The other day I got a silly scare: I opened the AI API bill for a little project and it was well above what I expected. I dug in and the cause was the dumbest possible — I picked the model out of habit. I used the "flagship" for everything, including simple tasks a model 100× cheaper would handle just as well. I'd never stopped to compare.
When I looked at the numbers, the gap was absurd. The same prompt, same task, cost about US$0.0007 on an open model and US$0.08 on the flagship — over 100× the difference. Multiply that by thousands of calls a month and "wrong model" becomes real money. That's when I built PromptTools.
The problem: we pick a model by vibe, not cost
Anyone working with LLM APIs knows the scene. The holes are always these:
- Model by habit. You use what you're used to (or the "smartest") for everything — even to classify a short text, where a cheap model gives the same result.
- Tokens are invisible. You don't "see" the size of the prompt. A fat system prompt, a whole context pasted in, and the per-call cost inflates without you noticing.
- Input ≠ output. The price of what goes in differs from what comes out, and output is usually the pricier one. Ignoring that gets the math badly wrong.
- The surprise only shows at scale. US$0.08 per call seems like nothing. Times 50k calls/month it becomes a bill that hurts — and by then it's too late.
The core problem: the decision of which model to use almost never goes through a side-by-side cost comparison. The ruler is missing.
The solution: PromptTools, with a side-by-side comparison
PromptTools is the ruler. You paste the prompt and it shows you, instantly: how many tokens it has, what it costs (input + output + multimodal) and — the trick — the cost of the same prompt across every model, side by side, cheapest to priciest. One glance and you see you can swap the "flagship" for a model 20× cheaper without losing quality on that task.
It's free, no login, and runs 100% in the browser — your prompt (often your secret) never leaves the machine.
What it gives you
- Model comparison. The same prompt across GPT-5, Claude Opus 4.8, Gemini 3, DeepSeek, Llama & co., sorted cheapest to priciest, with the "how many times pricier" for each.
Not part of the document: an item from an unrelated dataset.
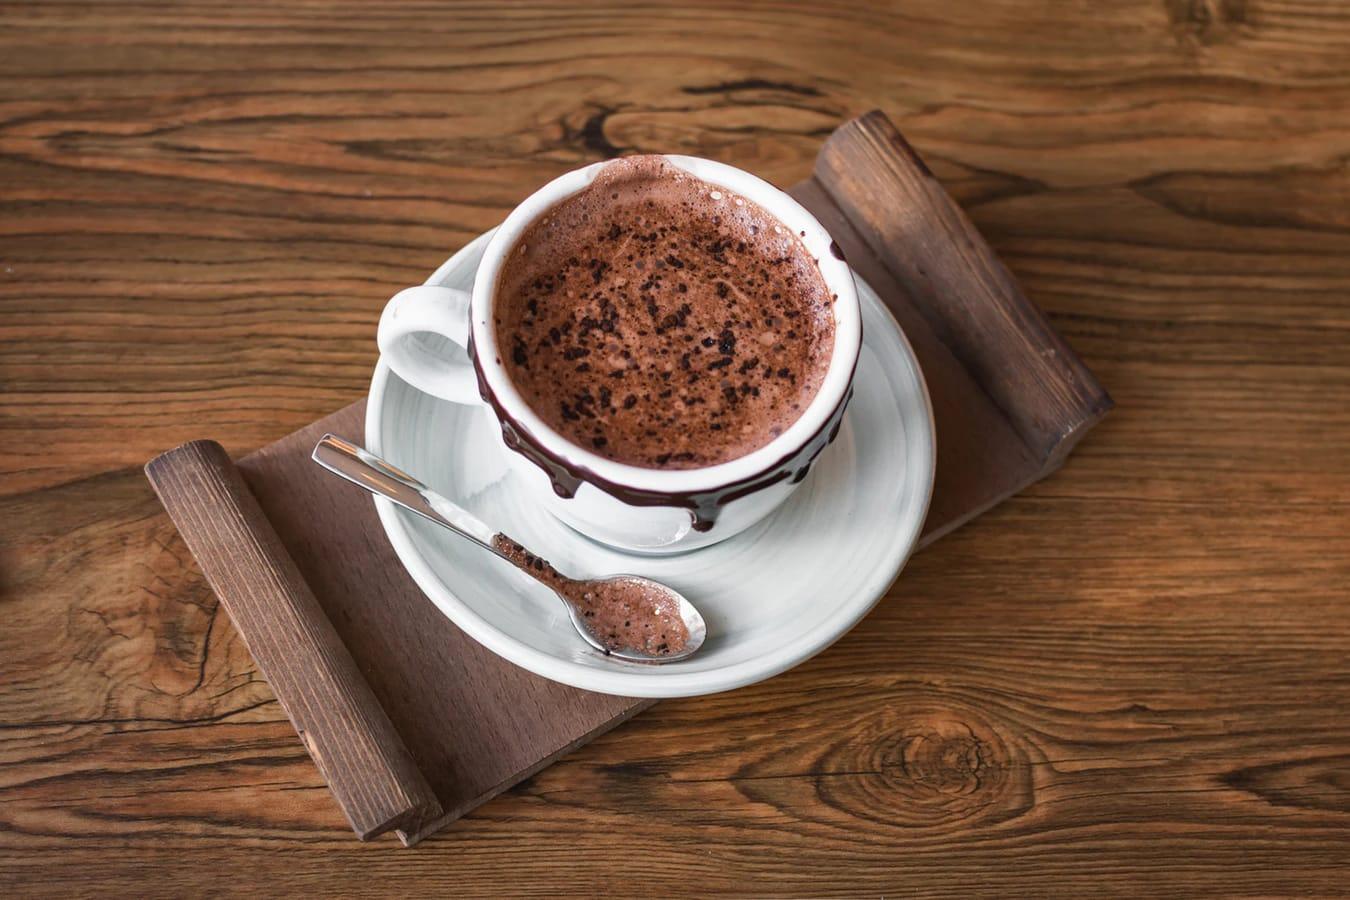 3 Best Hot Chocolate Spots in Aspen
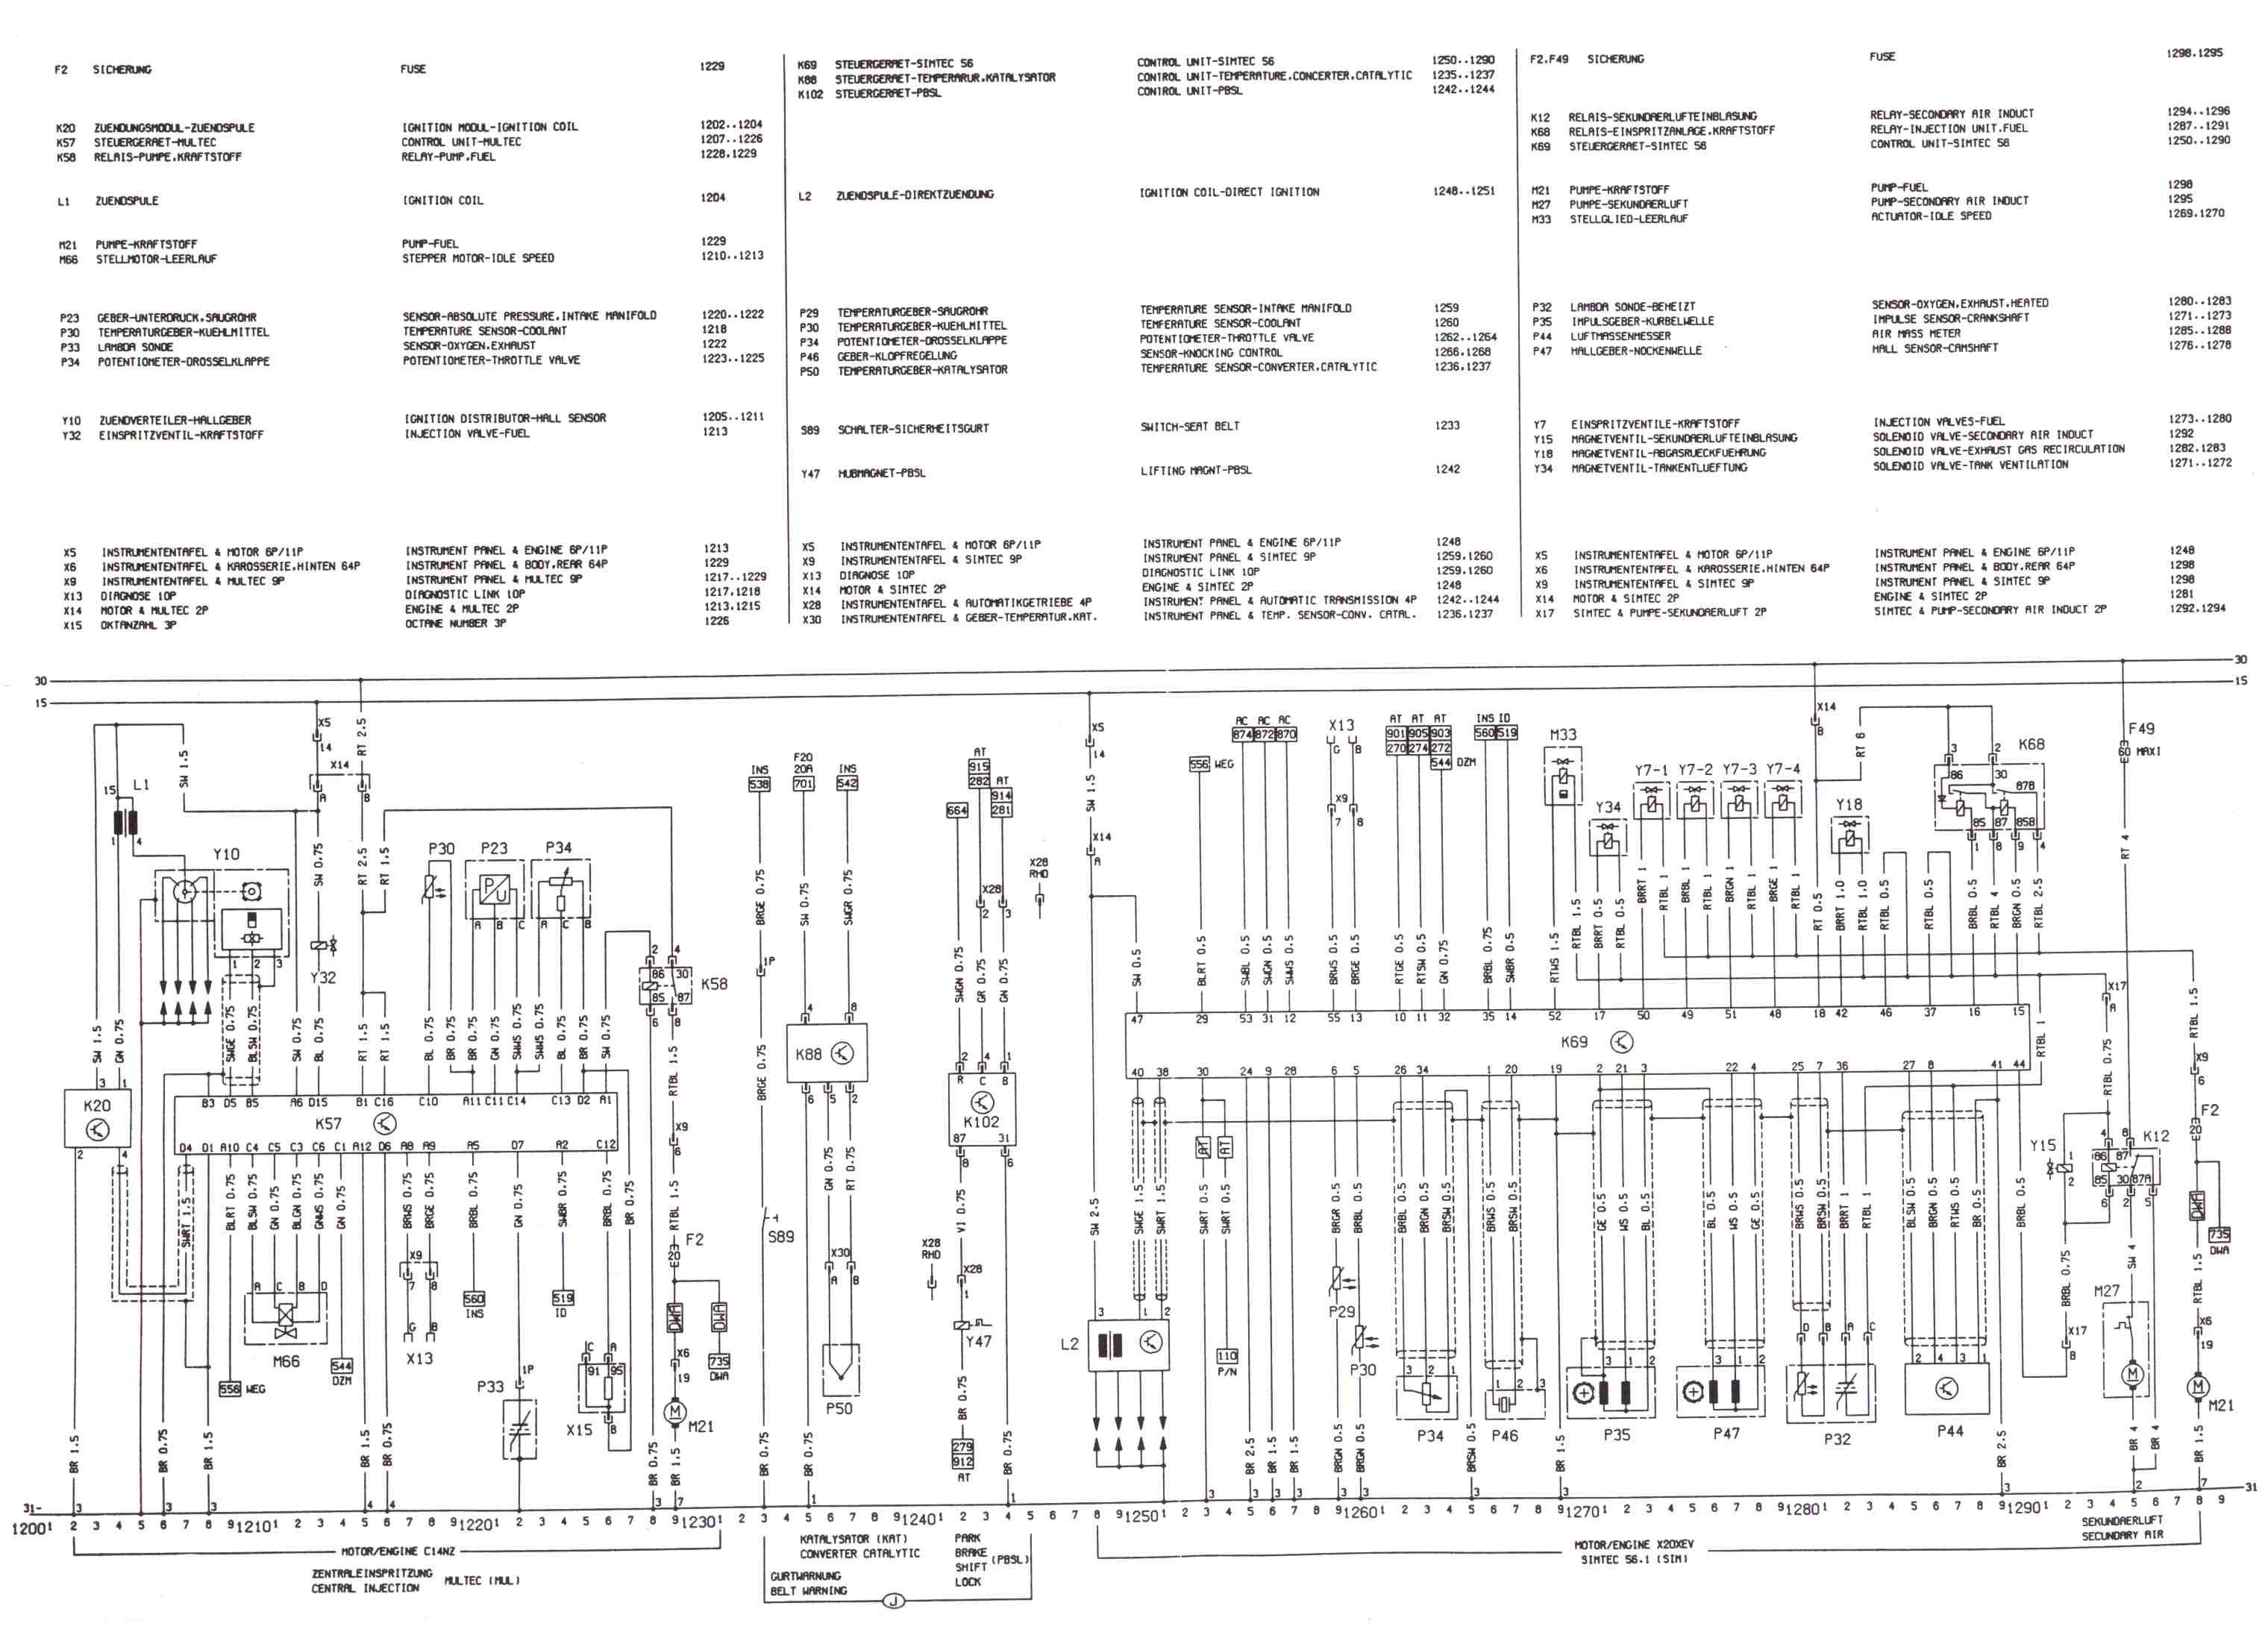 Vauxhall Astra F Wiring Diagram Diagram Base Website Wiring Diagram -  HEARTDIAGRAMWORKSHEET.RIFUGIDELLAROSA.ITDiagram Base Website Full Edition - rifugidellarosa

- Scale projection. Enter how many requests per month and see the estimated monthly cost — where the wrong-model mistake actually shows.
- Context: chat vs API. A bar shows whether your prompt + answer fits the chat's safe limit or only the API (and warns when it overflows, or when Gemini hits the doubled-price tier).
- Density, templates and PDF. A prompt "density" gauge, templates saved in the browser, and a cost-report export to send a client.
Prices are reference estimates (USD) and easy to update — always check the provider's official table before finalizing a quote.
FAQ
How does it estimate tokens? By the rule of thumb ≈ chars ÷ 3.5 (good for budgeting; the exact figure depends on each model's tokenizer). Image and audio count when you enter them.
Are the prices always right? They're reference estimates (USD) in an easy-to-update file — check the provider's official table, prices change.
Is my prompt sent to a server? No — it runs 100% in the browser; templates stay in your localStorage.
Who is it for? Devs and builders using LLM APIs who want to pick the right model by cost, project monthly spend and audit context.